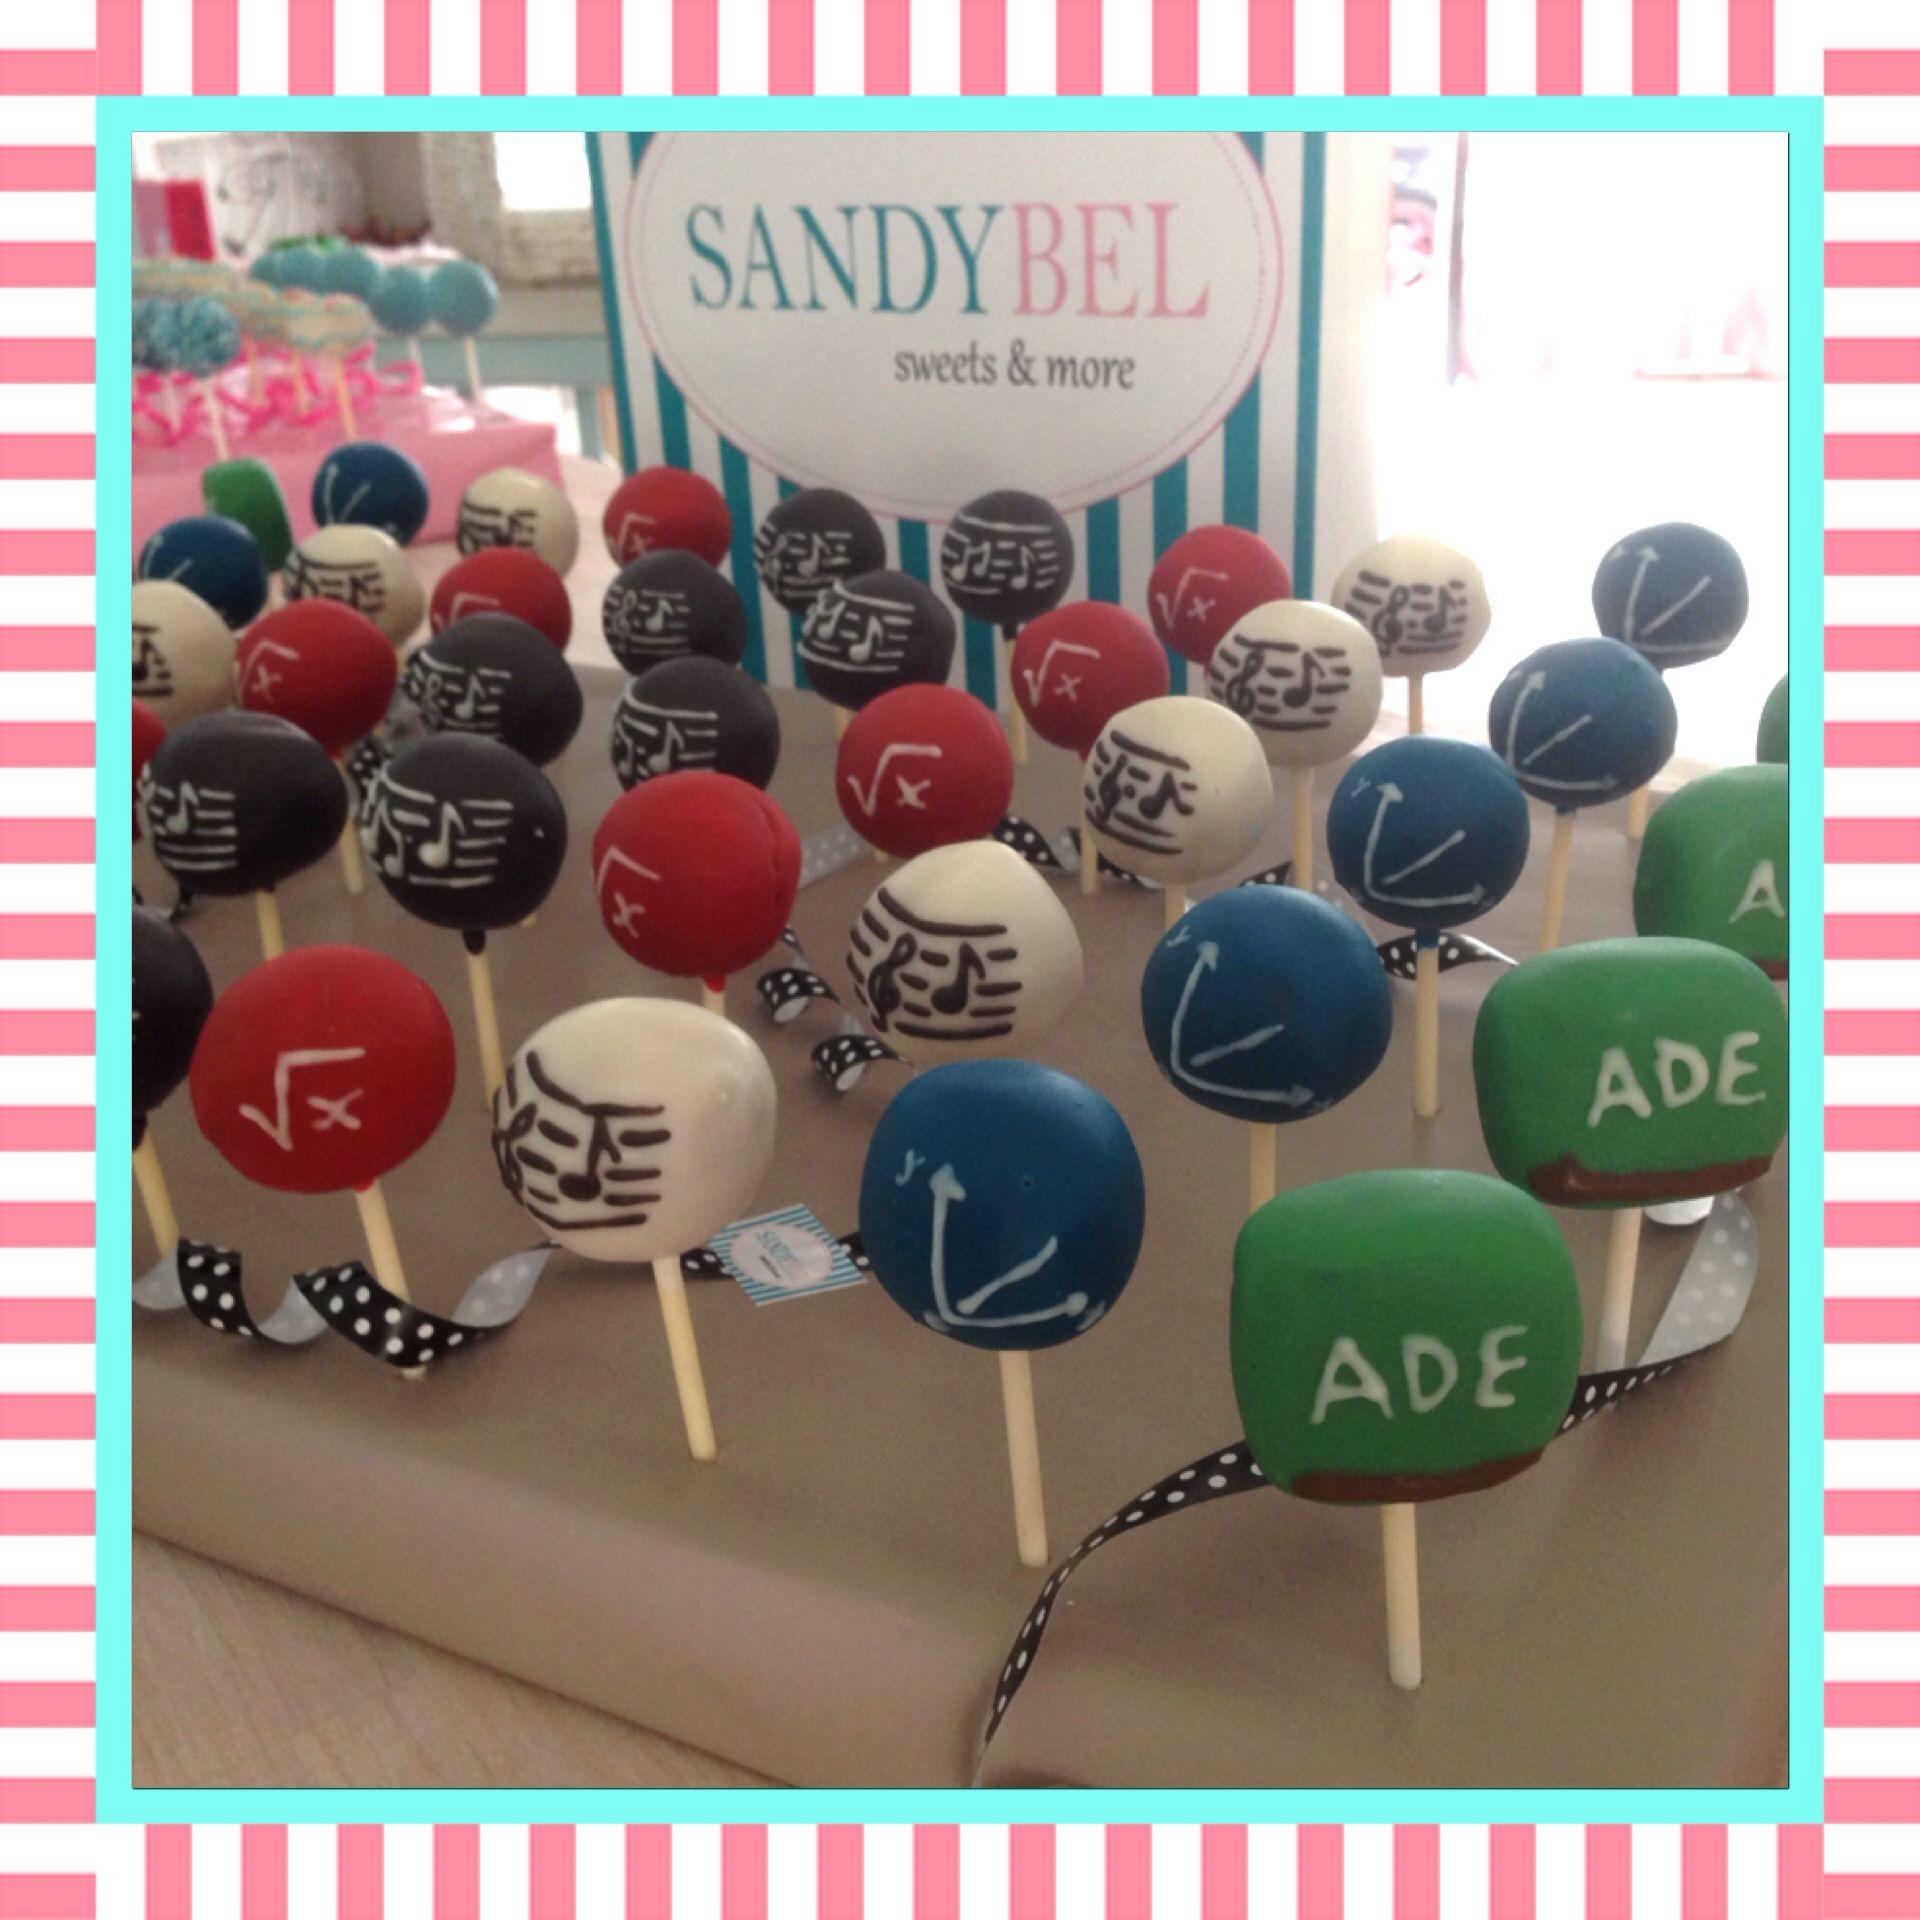 Zum Abschied für die Mathematik- und Musik Lehrerin #cakepops by #sandybel #nürnberg #fürth #sweets #mathematik #musik #schule #abschied
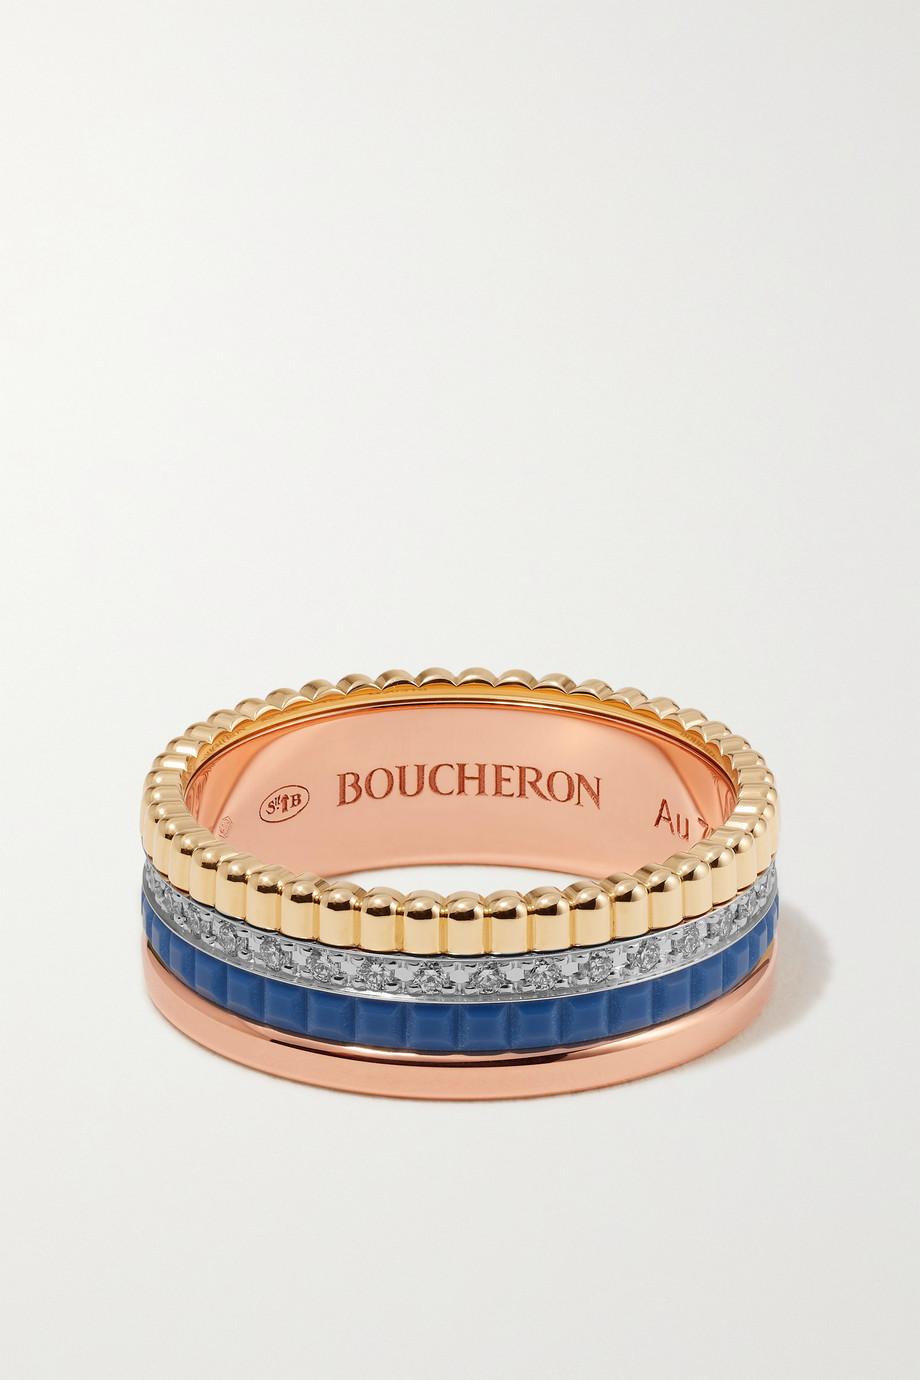 Boucheron Bague en or jaune, blanc et rose 18 carats, céramique et diamants Quatre Blue Edition Small
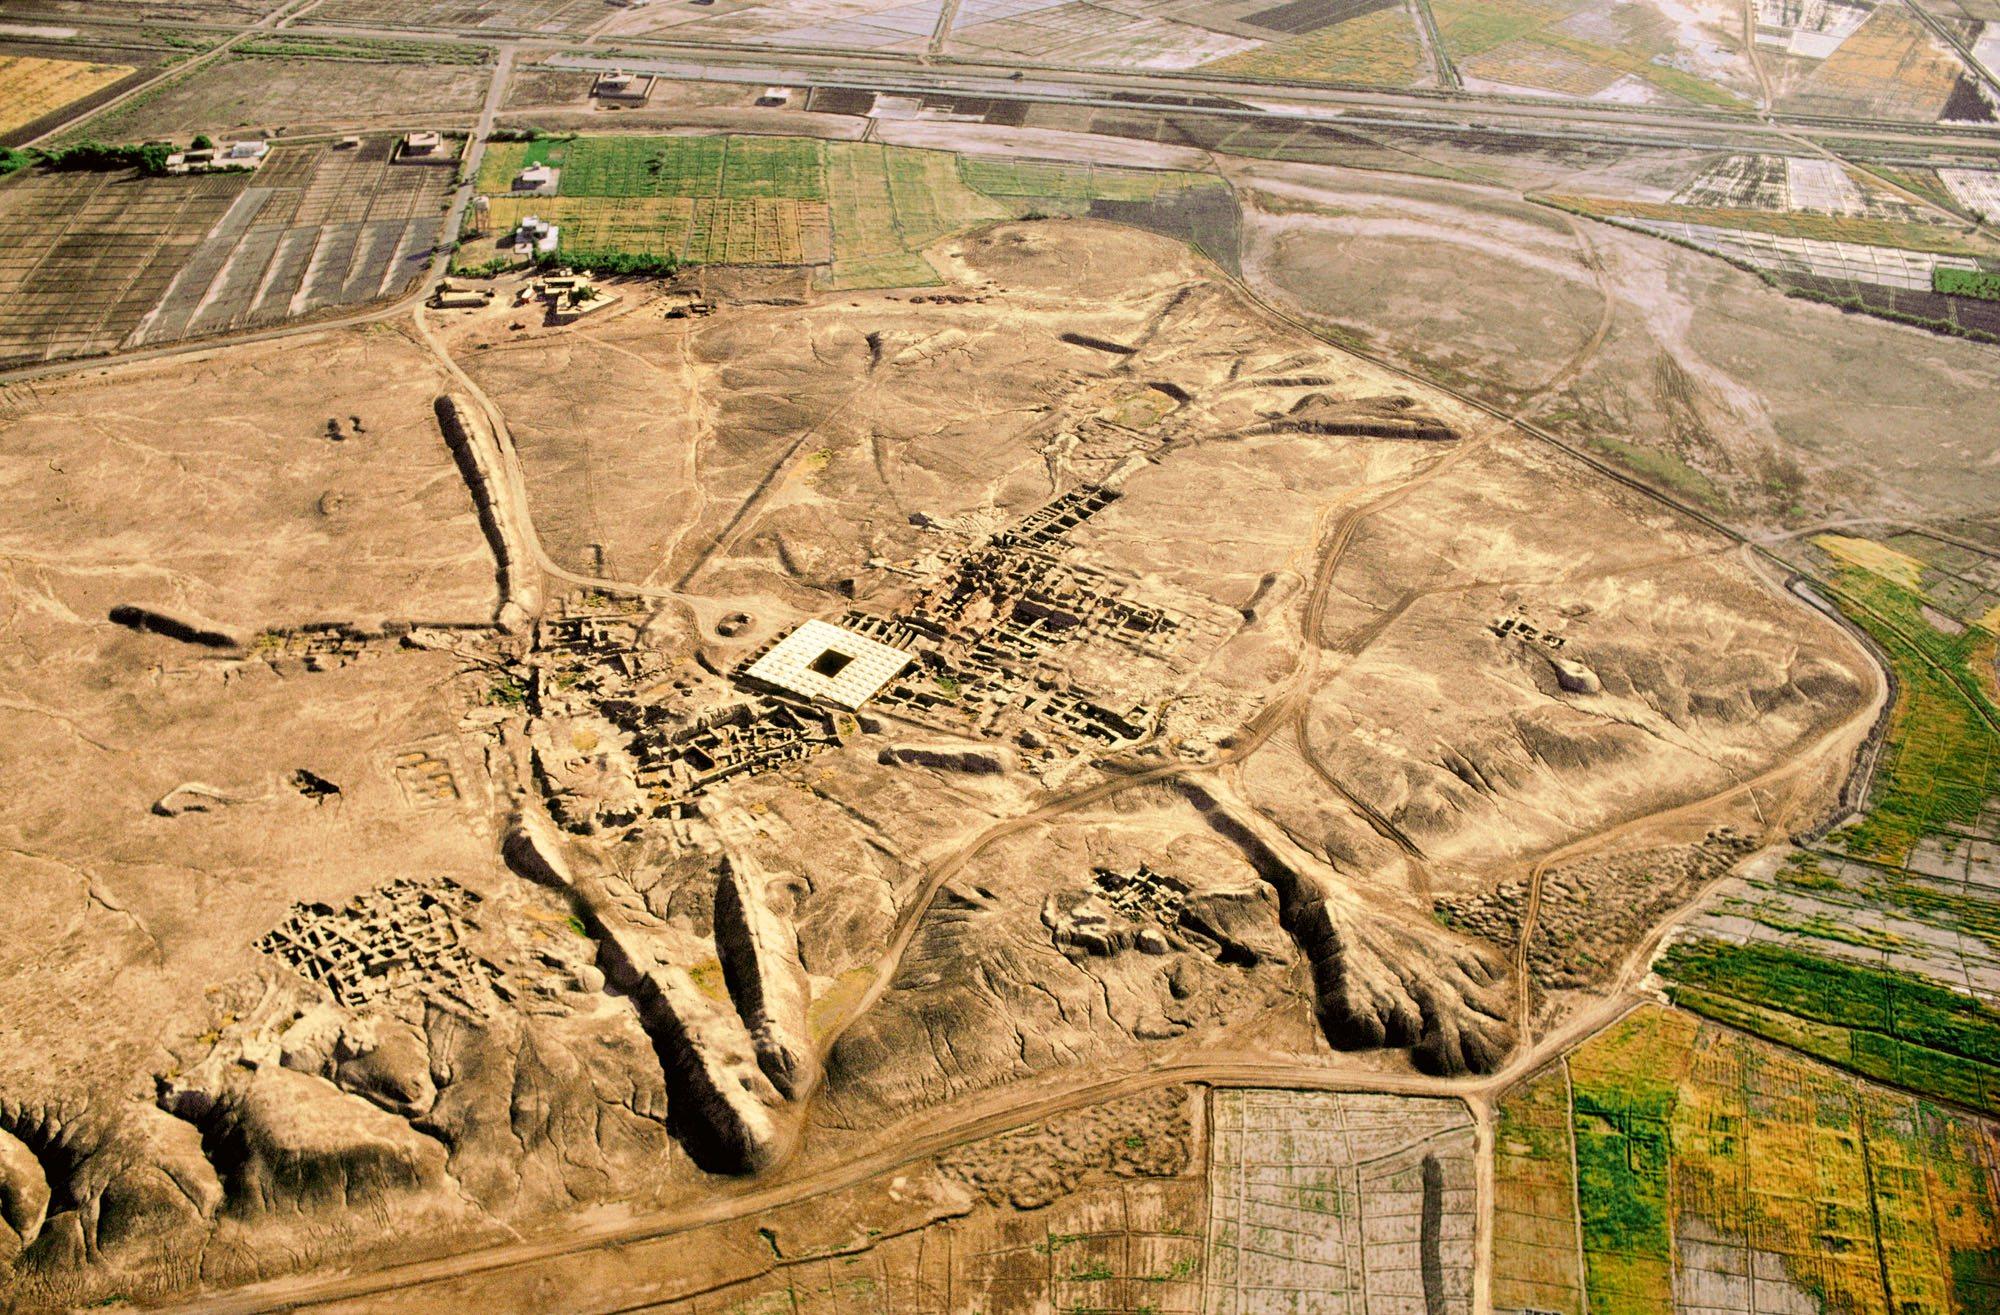 Vista desde el aire del yacimiento arqueológico de la ciudad de Mari

_ _ _ _ _ _ _

**WORK INSTRUCTIONS:**
Keeping every word as it is, write out all the data and omit the pictures.

**ANSWER TO THE EXERCISE:**
 Zum Abschied für die Mathematik- und Musik Lehrerin #cakepops by #sandybel #nürnberg #fürth #sweets #mathematik #musik #schule #abschied
 Boucheron Bague en or jaune, blanc et rose 18 carats, céramique et diamants Quatre Blue Edition Small
 Vista desde el aire del yacimiento arqueológico de la ciudad de Mari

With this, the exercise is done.